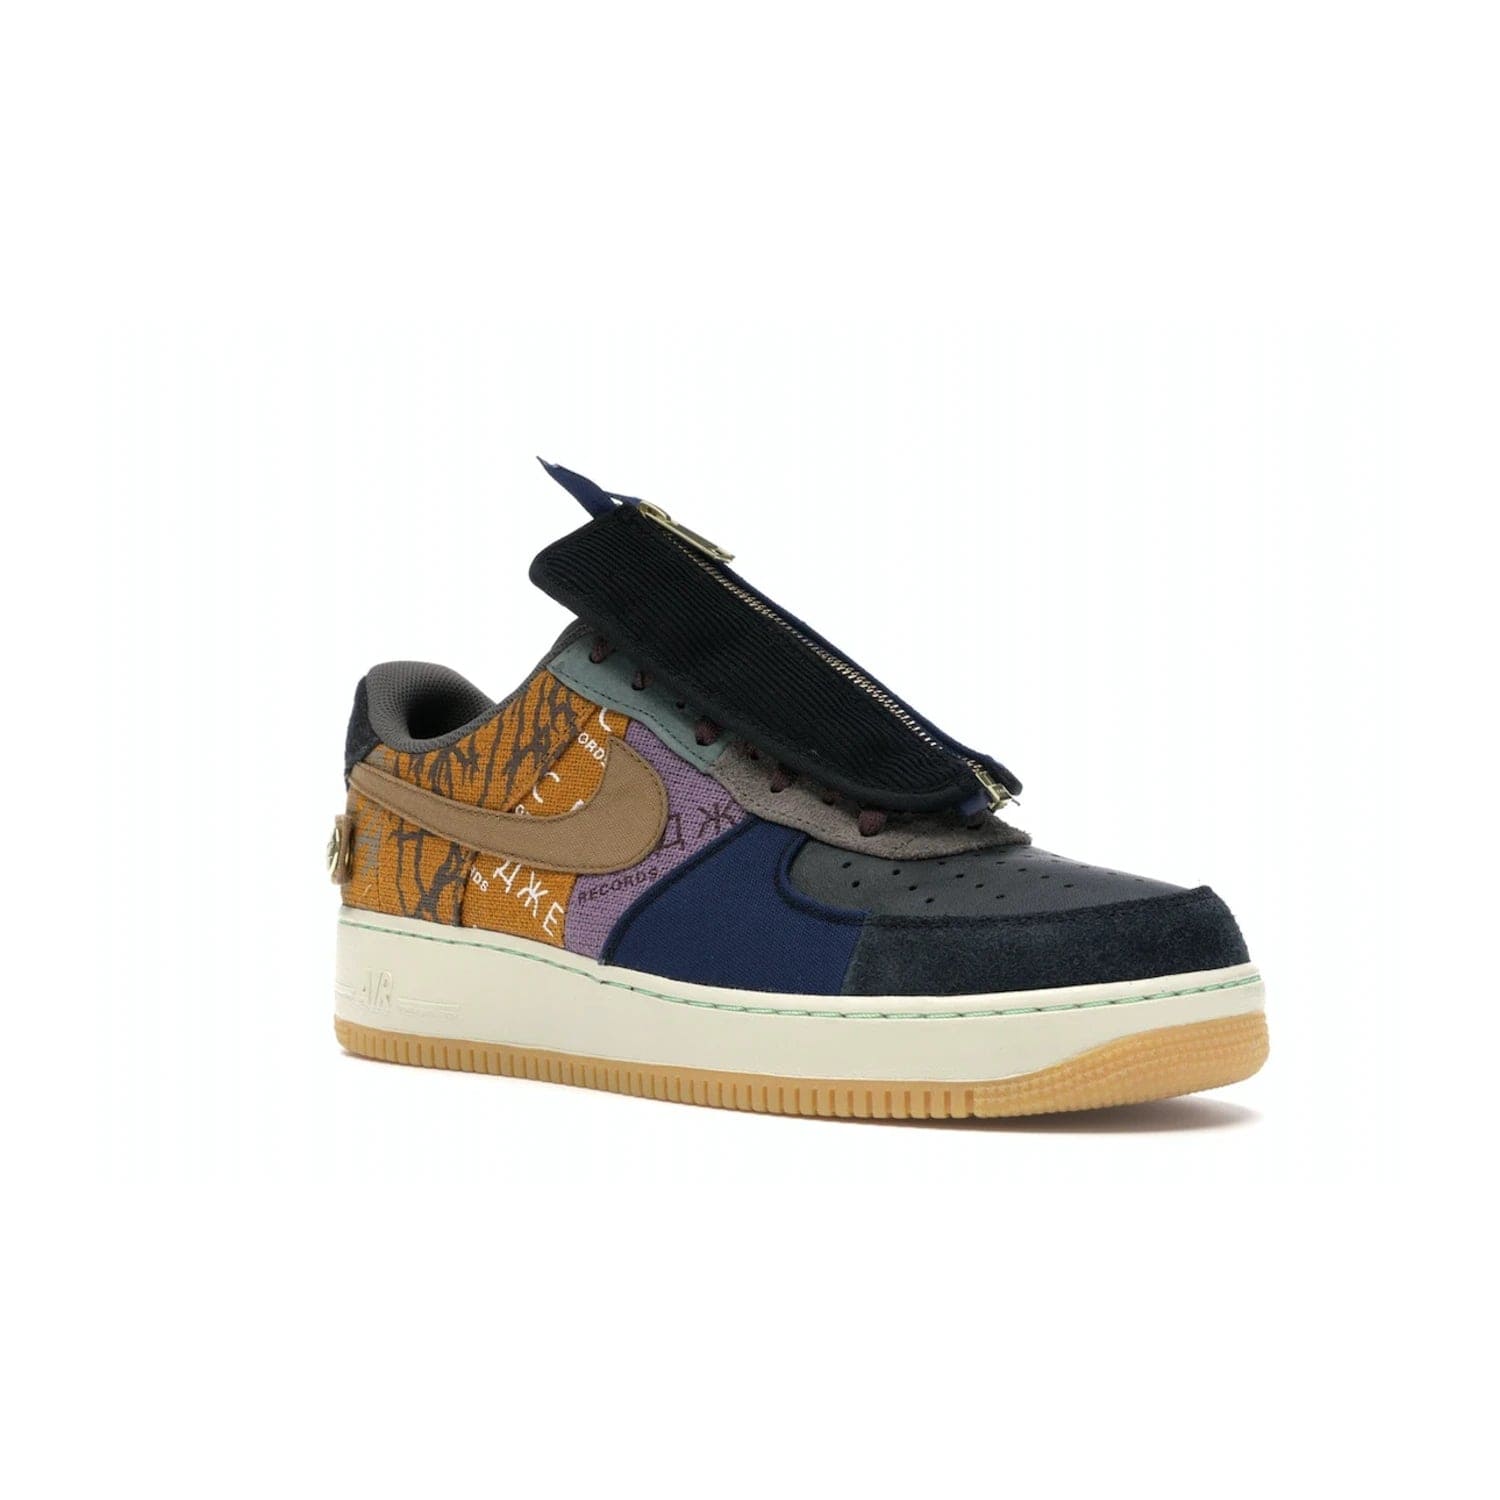 Nike Air Force 1 Low Travis Scott Cactus Jack - Image 5 - Only at www.BallersClubKickz.com - The Nike Air Force 1 Low Travis Scott Cactus Jack features a unique, multi-colored patchwork upper with muted bronze and fossil accents. Includes detachable lace cover, brass zipper, and Cactus Jack insignias. A sail midsole, gum rubber outsole complete the eye-catching design. Perfect for comfort and style with unexpected touches of detail.
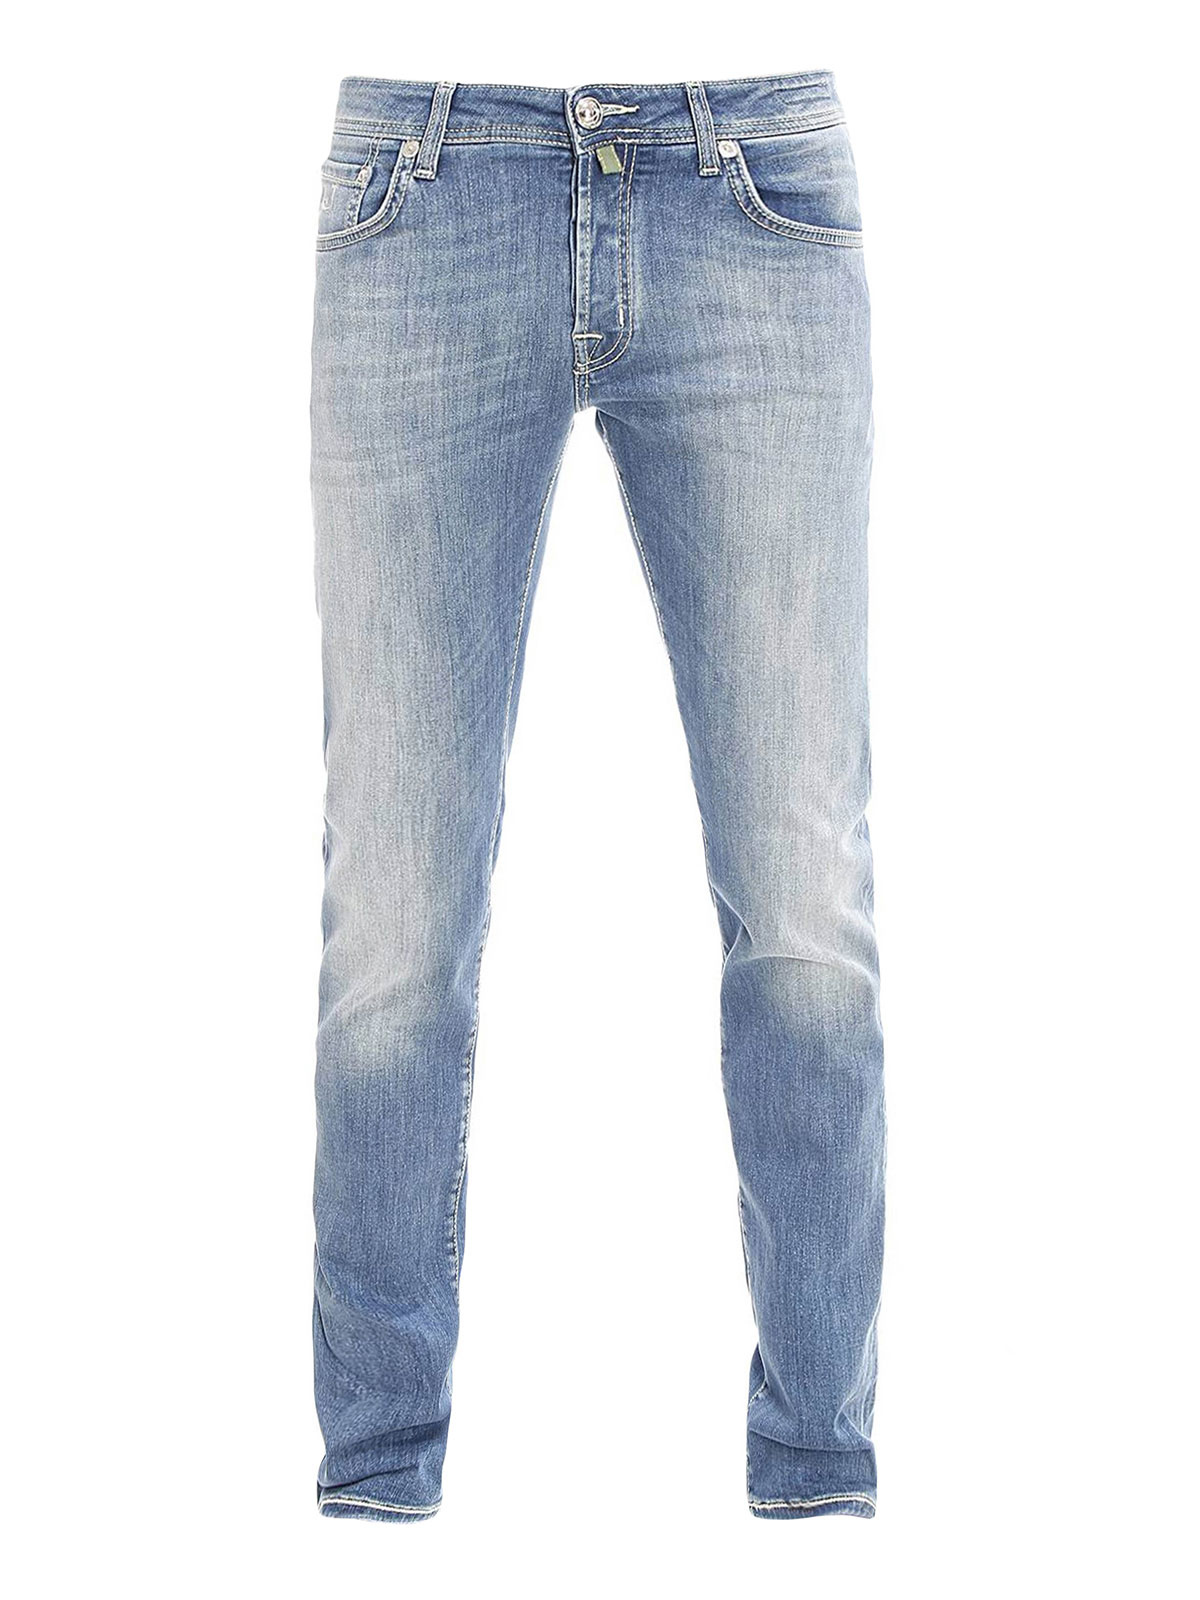 Jacob Cohen - Faded jeans - straight leg jeans - PW622COMF00012
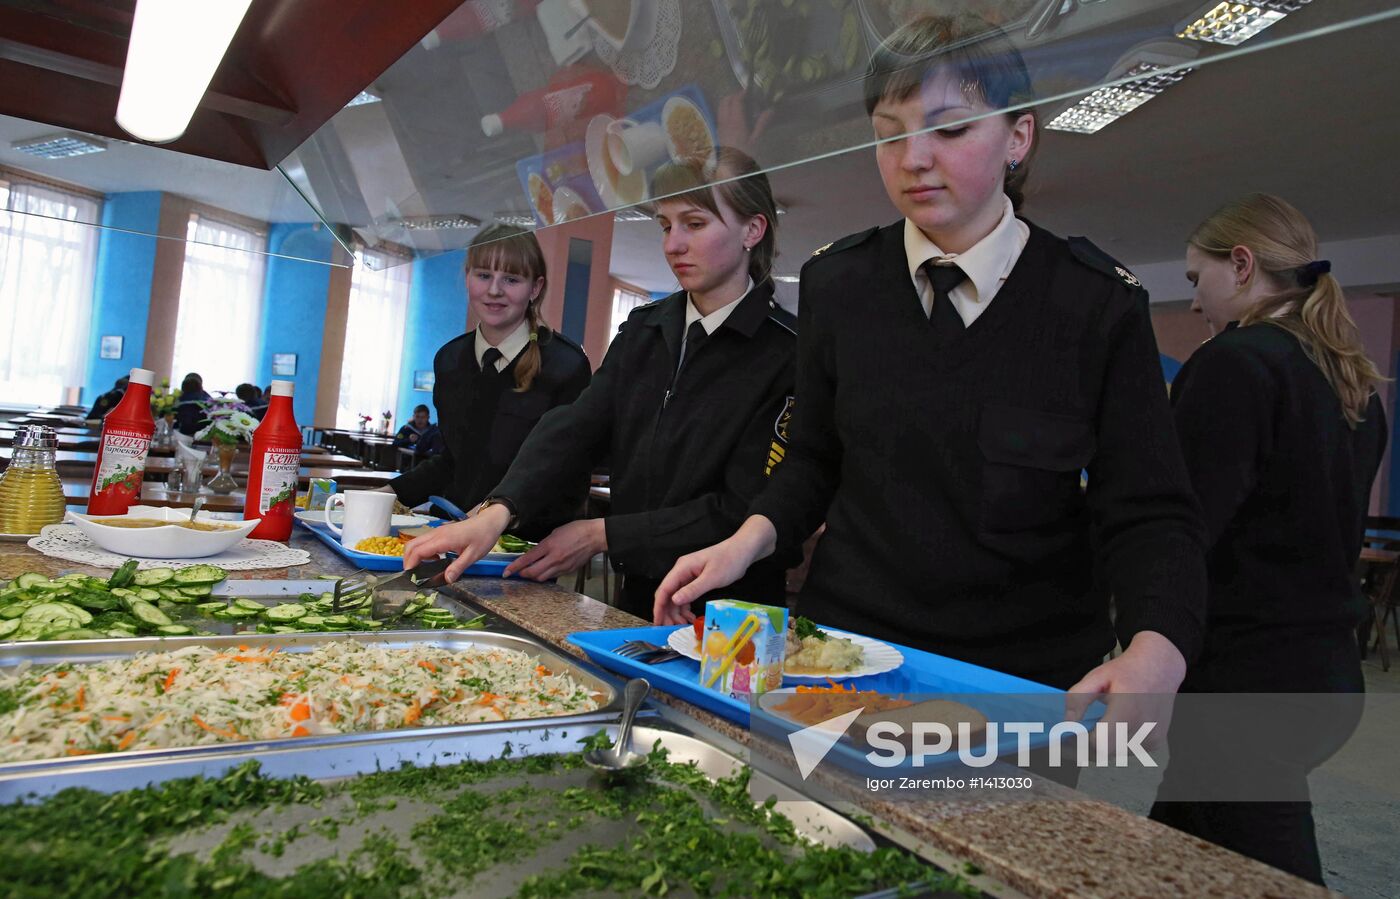 Buffet-style meals introduced in Russian army
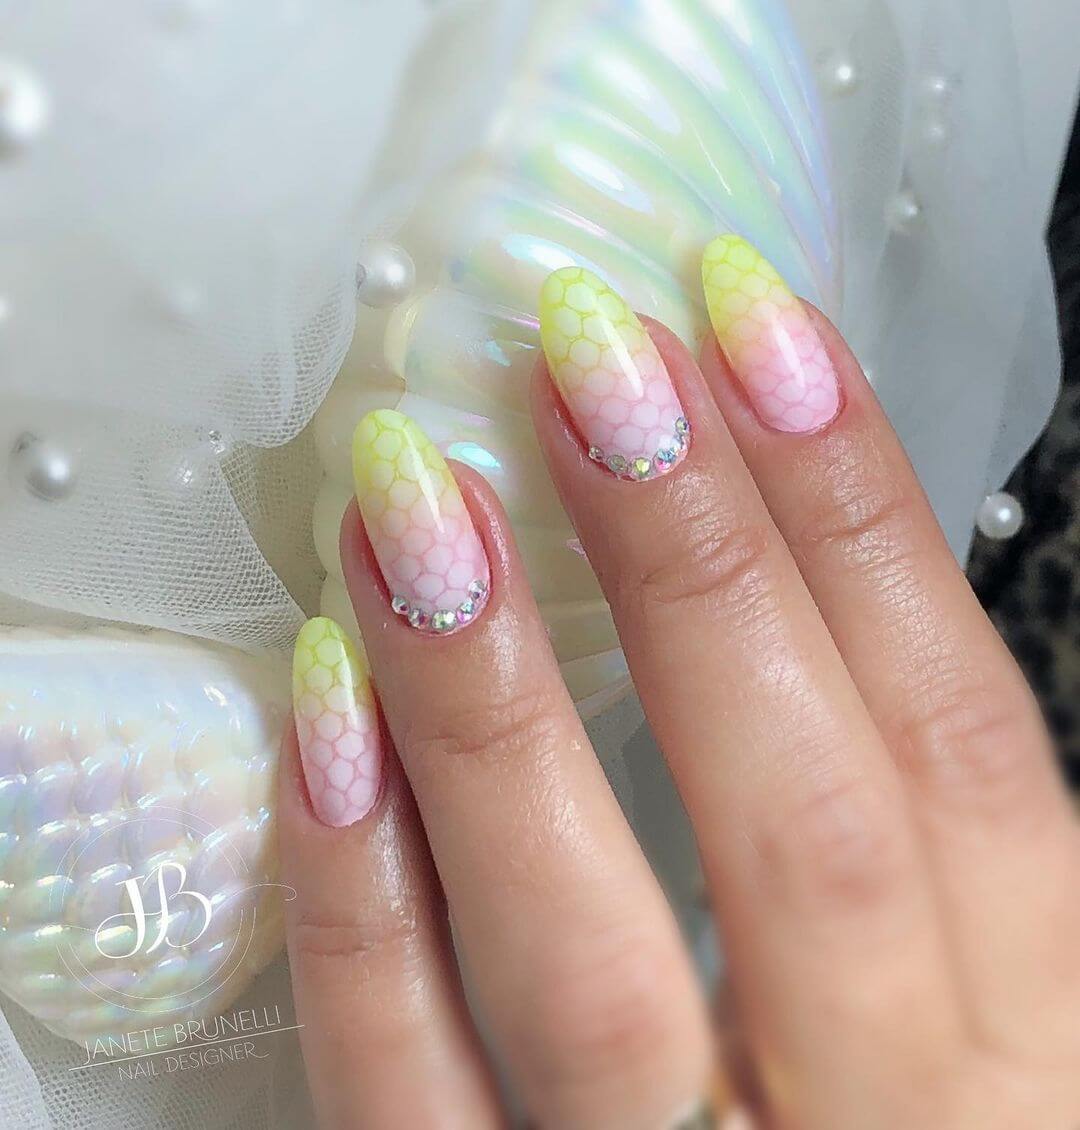 Airbrush Nail Art Designs Airbrush nail art design in yellow and pink

__Task details__.
Apart from the pictures, the material above has to be repeated exactly.

__Answer section__.
 Nike Air Force 1 Low Travis Scott Cactus Jack - Image 5 - Only at www.BallersClubKickz.com - The Nike Air Force 1 Low Travis Scott Cactus Jack features a unique, multi-colored patchwork upper with muted bronze and fossil accents. Includes detachable lace cover, brass zipper, and Cactus Jack insignias. A sail midsole, gum rubber outsole complete the eye-catching design. Perfect for comfort and style with unexpected touches of detail.
 Jacob Cohen - Faded jeans - straight leg jeans - PW622COMF00012
 Buffet-style meals introduced in Russian army
 Airbrush Nail Art Designs Airbrush nail art design in yellow and pink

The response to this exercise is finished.